We observed similar rates in our prospective population data with the implementation of ETA POU guidelines. Patients with US-N at 1-year FU had an NPV of 96% for having US-N at 3-year FU, while Tg-N at 1-year FU had an NPV of 94% for US-N at 3-year FU (Table 4). However, we found that the NPVs for TTX plus RAI group were lower for both US-N and Tg-N compared to TTX only and lobectomy. For US-N, the NPV was 92% for TTX and RAI, 99% for TTX only, and 98% for lobectomy, respectively, and for Tg-N, the NPV was 89%, 99%, and 94%, respectively (Table 4). This may be due to a higher percentage of high-risk patients in the TTX and RAI group.

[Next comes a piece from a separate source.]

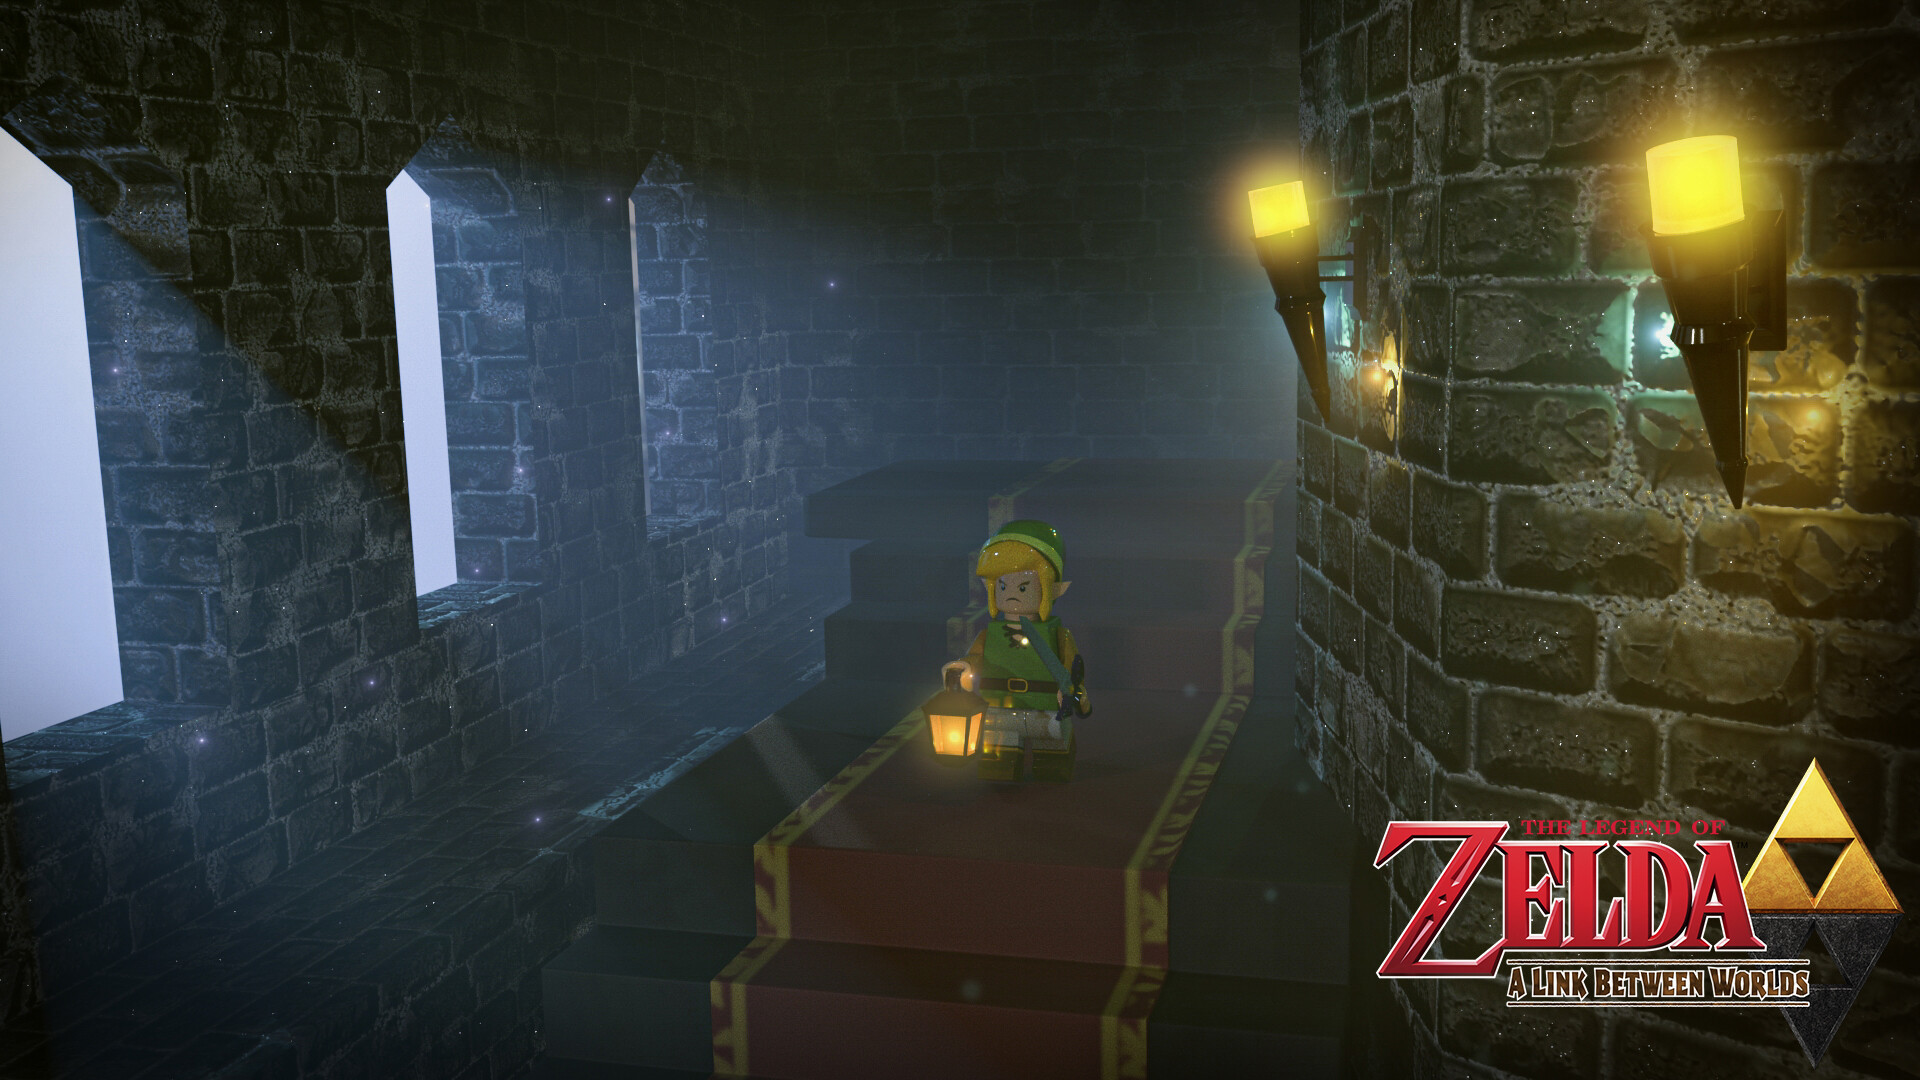 LEGO FanArt legend of Zelda: A Link between worlds

After excluding all high-risk patients, the NPV for US-N at 1-year FU was 97% and for Tg-N at 1-year FU was 91%, which are similar to the NPVs for TTX only and lobectomy groups. For low- and intermediate-risk patients, the treatment modality did not affect the NPV of Tg-N or US-N. Finally, the combination of US-N and Tg-N (cohort 1) at 1-year FU had an NPV of 96%, which was not significantly different from using Tg-N alone (94%, P = 0.1) or US-N alone (96%, P> 0.1).
It is noted in a retrospective study of 619 patients with papillary thyroid cancer (PTC) treated with lobectomy that postoperative serum Tg levels or ultrasound findings do not correlate with disease recurrence (20), but other studies have found that Tg levels >30 ng/mL still indicate a high probability of recurrent structural disease (12). In our study, among 40 lobectomy patients who had US-N and serum Tg <30 ng/mL at 1-year FU, only one developed indeterminate ultrasound findings at 3-year FU (Supplementary Table 4). In this solitary patient, the nodule is stable and less than 1 cm without suspicious features, indicating a 0% recurrence rate at 3-year FU among lobectomy patients with excellent RTT at 1-year FU. However, relapses after lobectomy may occur very late (21).
Overall, our prospective data indicate that for patients treated with TTX, with or without RAI, a normal serum Tg at 1-year FU is highly predictive of no structural disease at 3-year FU and the addition of a neck ultrasound does not significantly increase the predictive value.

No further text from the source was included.